Is there anything to do here? Most configurations are by default.

I would like to use ZFS but seems to be very slow.

Kind regards.

czechsys · Sep 1, 2017

You compare different setups totally, what you expected, do you even know ext4/zfs difference and nonraid/raid difference in performance/negatives? You mixed...

1] nonraid vs raid1
2] ext4 vs zfs

Ext4 on nonraid will be a lot faster than zfs on raid1.

Rhinox · Sep 1, 2017

Not sure if your 1st point is valid. ZFS on raid1 should give about the same write/rewrite performance, as ZFS on single drive (while read performance on raid1 is much higher on single drive)...
https://calomel.org/zfs_raid_speed_capacity.html

wolfgang · Sep 1, 2017

Hi,

what fs do you use in the Centos?

javildn · Sep 4, 2017

czechsys said:
You compare different setups totally, what you expected, do you even know ext4/zfs difference and nonraid/raid difference in performance/negatives? You mixed...

1] nonraid vs raid1
2] ext4 vs zfs

Ext4 on nonraid will be a lot faster than zfs on raid1.
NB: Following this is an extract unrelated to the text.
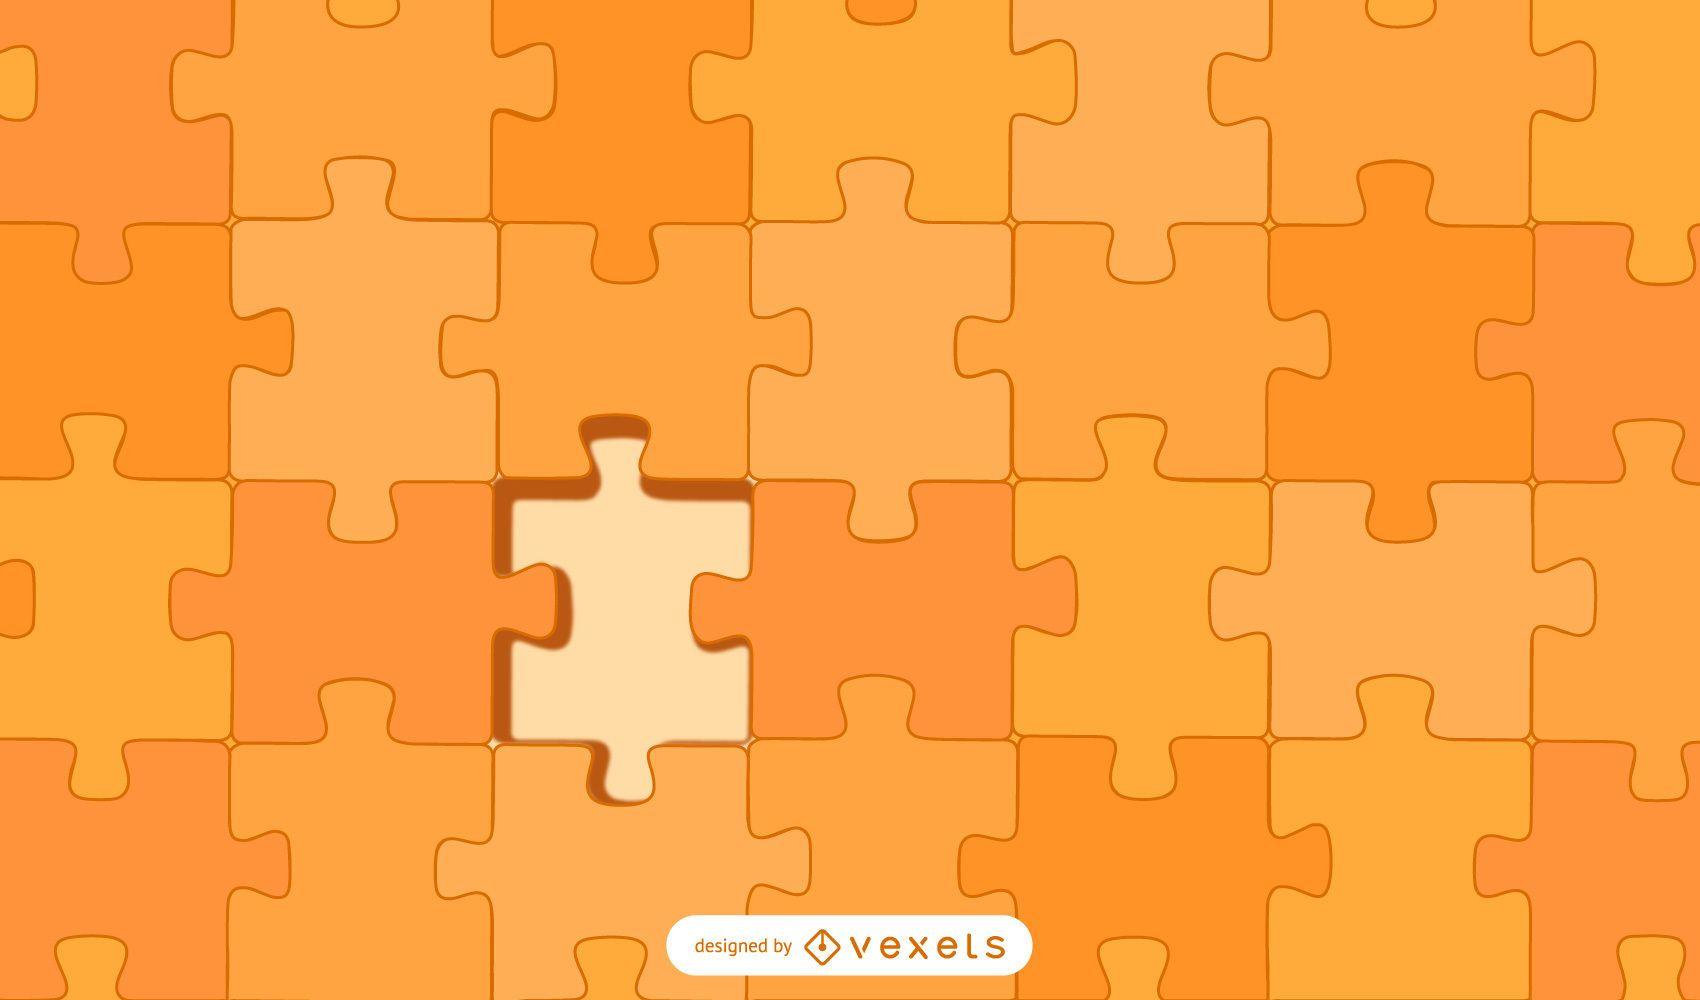 fundo laranja de design de quebra-cabe?a

Both setups are similar, only difference is one server is ZFS backed and the other one is LVM.

1] According to Rhinox, zfs raid1 would have same write performance as single drive.
2] I know it, this is what I am testing, I expected to have some write penalty in ZFS, but my benchmarks shows 4x slower.

wolfgang said:
Hi,

what fs do you use in the Centos?

I am using XFS (default in Centos 7). Should I try another fs?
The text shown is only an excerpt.